見出し画像

調査のメタスキル

こんにちは。 この記事は「調査方法を考えつくスキル=調査のメタスキル」についてのメモです。

はじめに:直接的な情報源がない物事

「特許だけ」では閉じていない情報分析を行う場合
直接的な情報源がない事柄を知りたいケースに出くわします。
ここでは話題をイメージして頂きやすくするため、2つ例を挙げます。

例題1:ある農業資材の売上を調べる

国内で、主にトマトの栽培に使われる特定の農業資材がある。
製造メーカーはほぼ1社で、A社に絞られる。
この資材の年間の売上高と、
資材に関連する特許出願を調べて欲しい。

なお、A社は上場企業で、
セグメント別の売上高は開示しているが、
商品別の売上高は開示されていない。

例題2:競合他社の中国での仕入れ先を調べる

中国の深圳近郊に競合B社の工場がある。

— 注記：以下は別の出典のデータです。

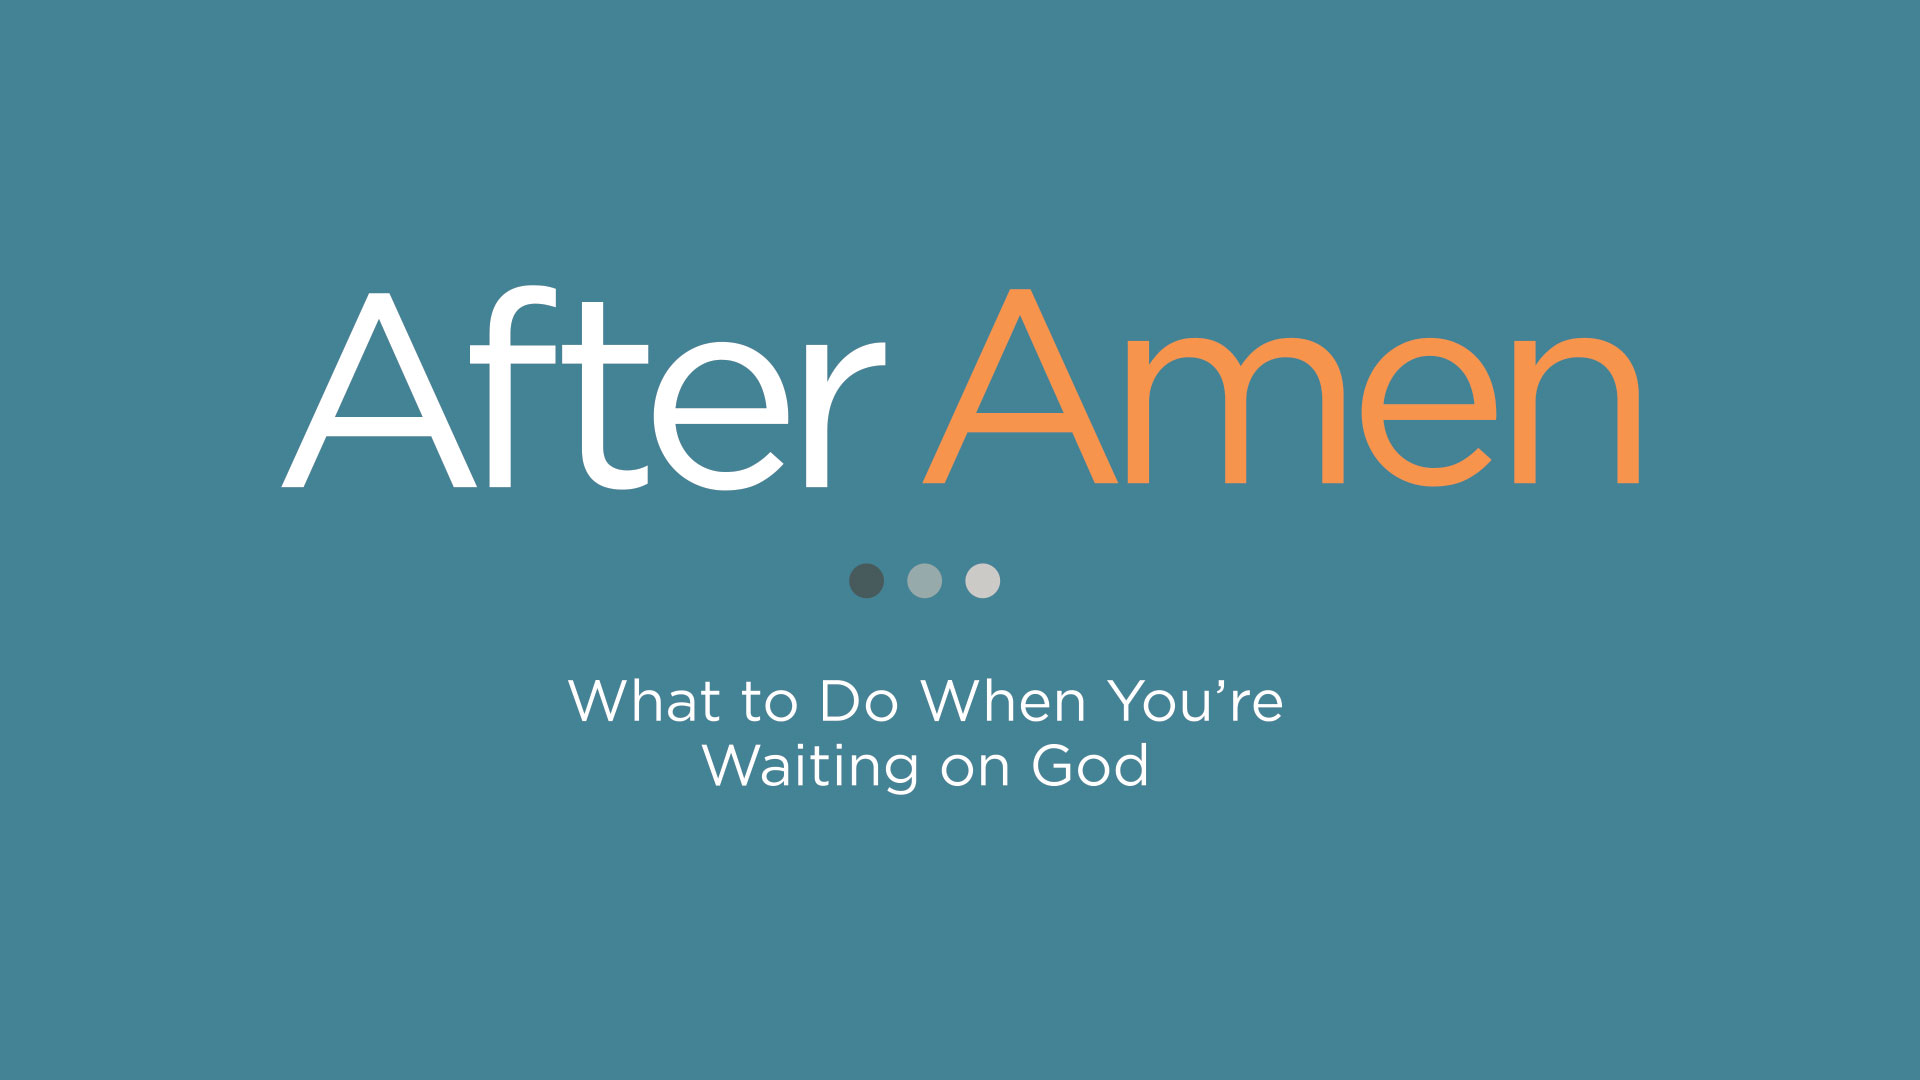 After Amen
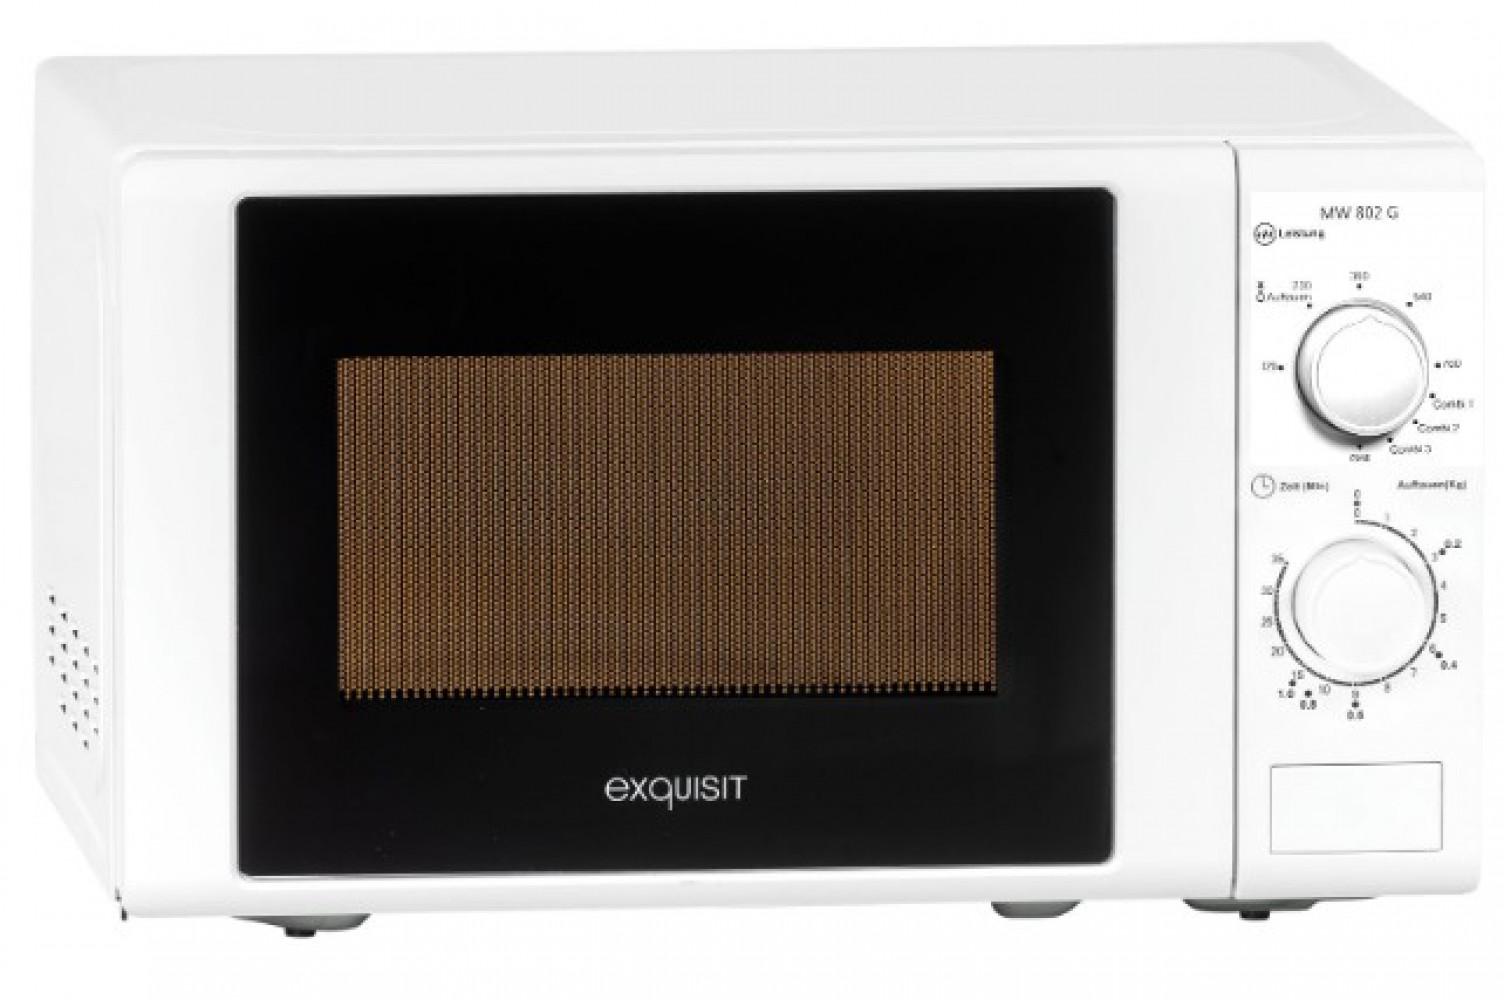 MW802G Micro-ondes blanc

(B社は上場企業とする)
ある原材料について
B社が取引している中国での仕入れ先を調べて欲しい。

ふたつの例題、どうですか?
何となくでも調べられそうですか?
それとも「ググっても出てこなさそう。調べられない。」事柄ですか?

調査のメタスキル

メタスキルとは、
一般には「スキルを使いこなすスキル」と定義されるようです。
ですが「スキルを使いこなす」という表現だと、たとえば「データベースを使いこなすスキル」と読み替えることもできそうですよね。

この記事での「調査のメタスキル」は、
「調査方法を考えつくスキル」と定義して話題を進めていきます。
前述の例題のように「パッと見、情報源がなさそう」「もし調査依頼が来たら『調査不可能』と答えたくなりそう」な情報を得るスキル、とも言えます。

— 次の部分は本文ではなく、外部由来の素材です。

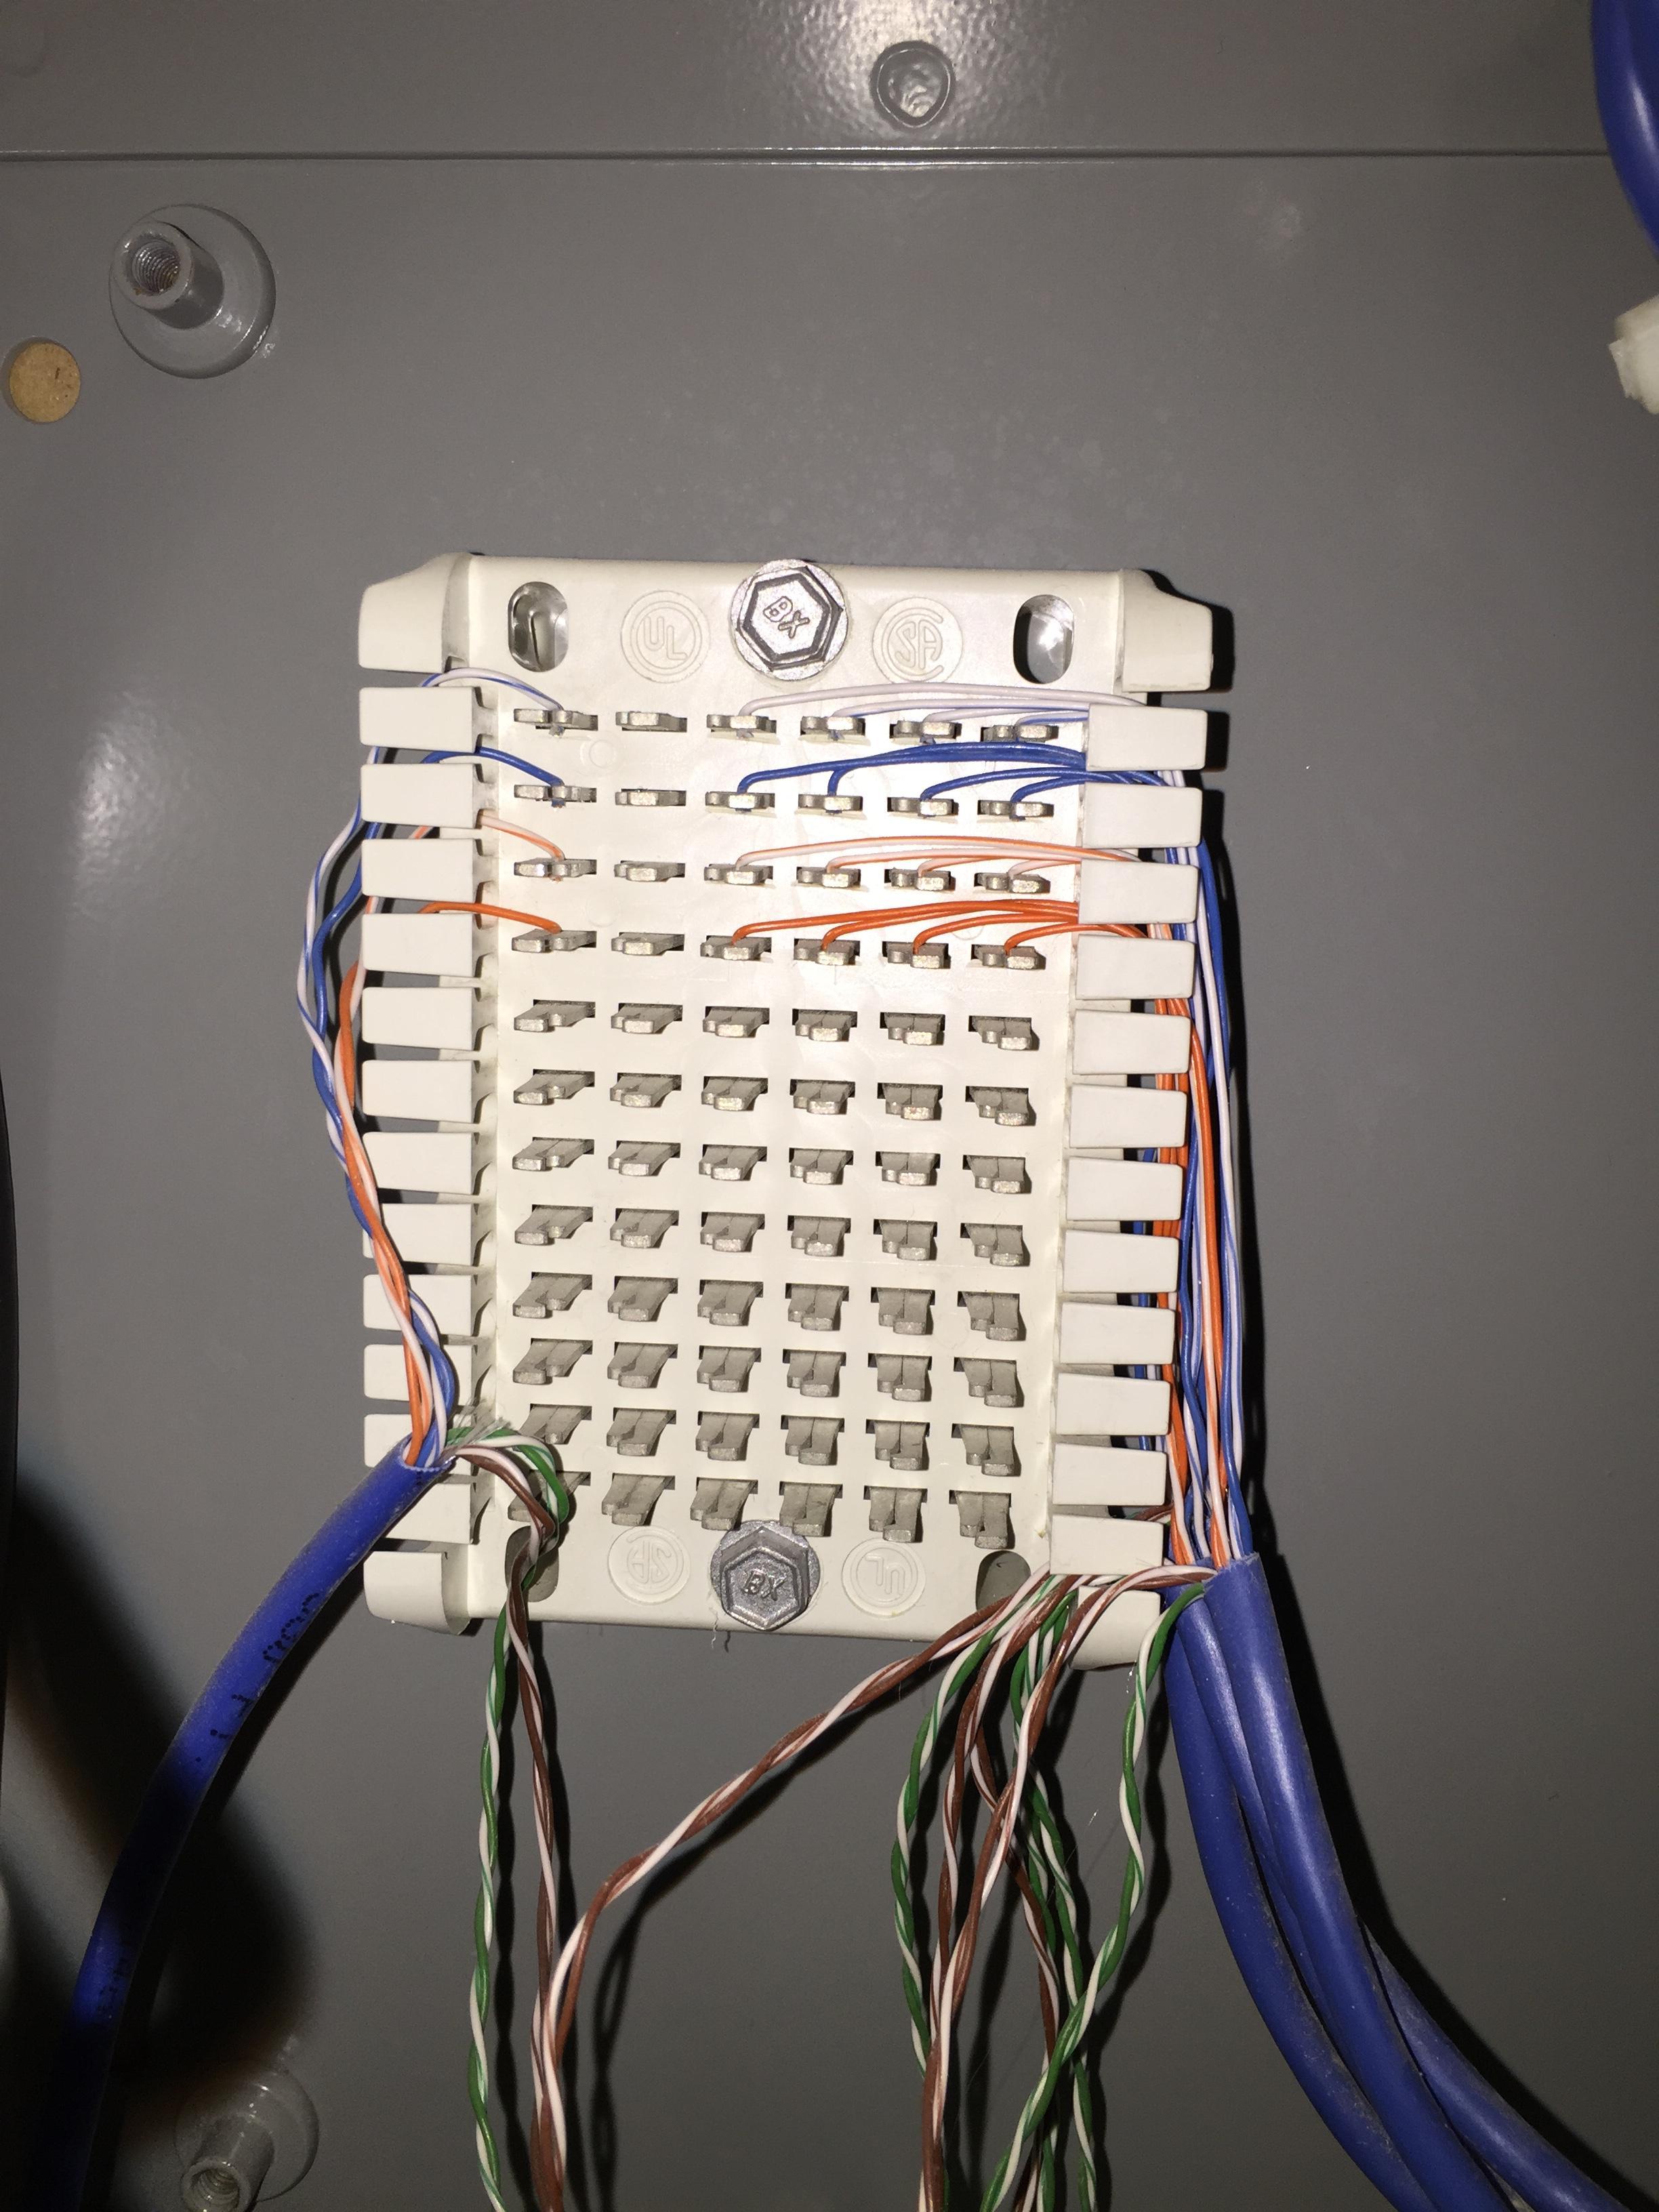 ethernet phone wiring diagram cv 6667  phone panel wiring schematic wiring  cv 6667  phone panel wiring schematic

その点、調査会社は「調査不可能」と回答できるケースも多いと感じます。
これに対し、企業内の調査担当者は「断片的な情報でも良いから、何とかして調べて!」と泣き付かれる場面もありそうですよね。
ということで、企業勤務で調査に携わられている方々は「調査のメタスキルを持っていると便利なんじゃないかなぁ」と思います。(個人の意見です)

課題の構造化

調査のメタスキルを身につける方法として
私は「課題の構造化」が一番重要だと思います。

もちろん、色々な情報源やデータベースを知っている方が便利ですが
情報源の知識を仕入れる事ばかりに躍起になっていると
「道具は色々持っているけれど、使いこなせない」人になっちゃいます

例えて言うならば・・・

新しい調理家電・調理道具を見たり聞いたりすると「便利そう!」と次々飛びつくけれど、使わなくなる物も多くて、死蔵グッズが溢れかえったキッチン、みたいな感じ?

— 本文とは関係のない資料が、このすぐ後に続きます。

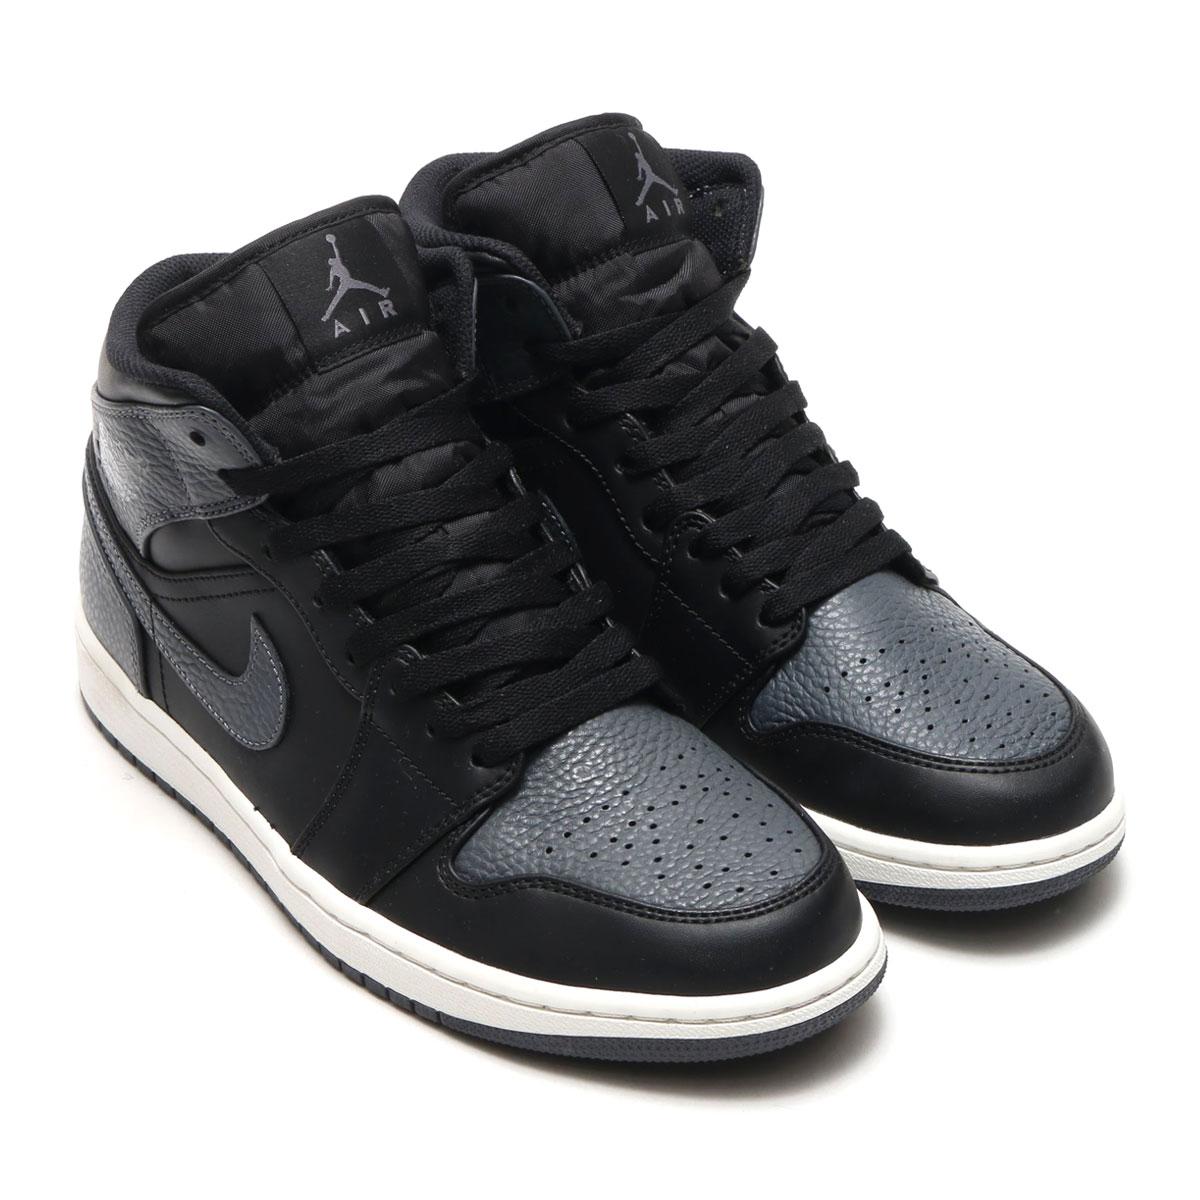 51e326e041d MID cut version of Air Jordan 1 who it was first sig nature shoes of Michael  Jordan

一方、メタスキルが身についている状態は「道具は基本的なものが一式揃っていれば、大抵の料理は作れるよ!」という状態に似ています。

たとえば「フードプロセッサー」を持っていなくても
「フードプロセッサーの機能のうち、この場面では『食材を細かくする』機能を使いたい」のであれば、包丁+まな板で代用できる、という具合。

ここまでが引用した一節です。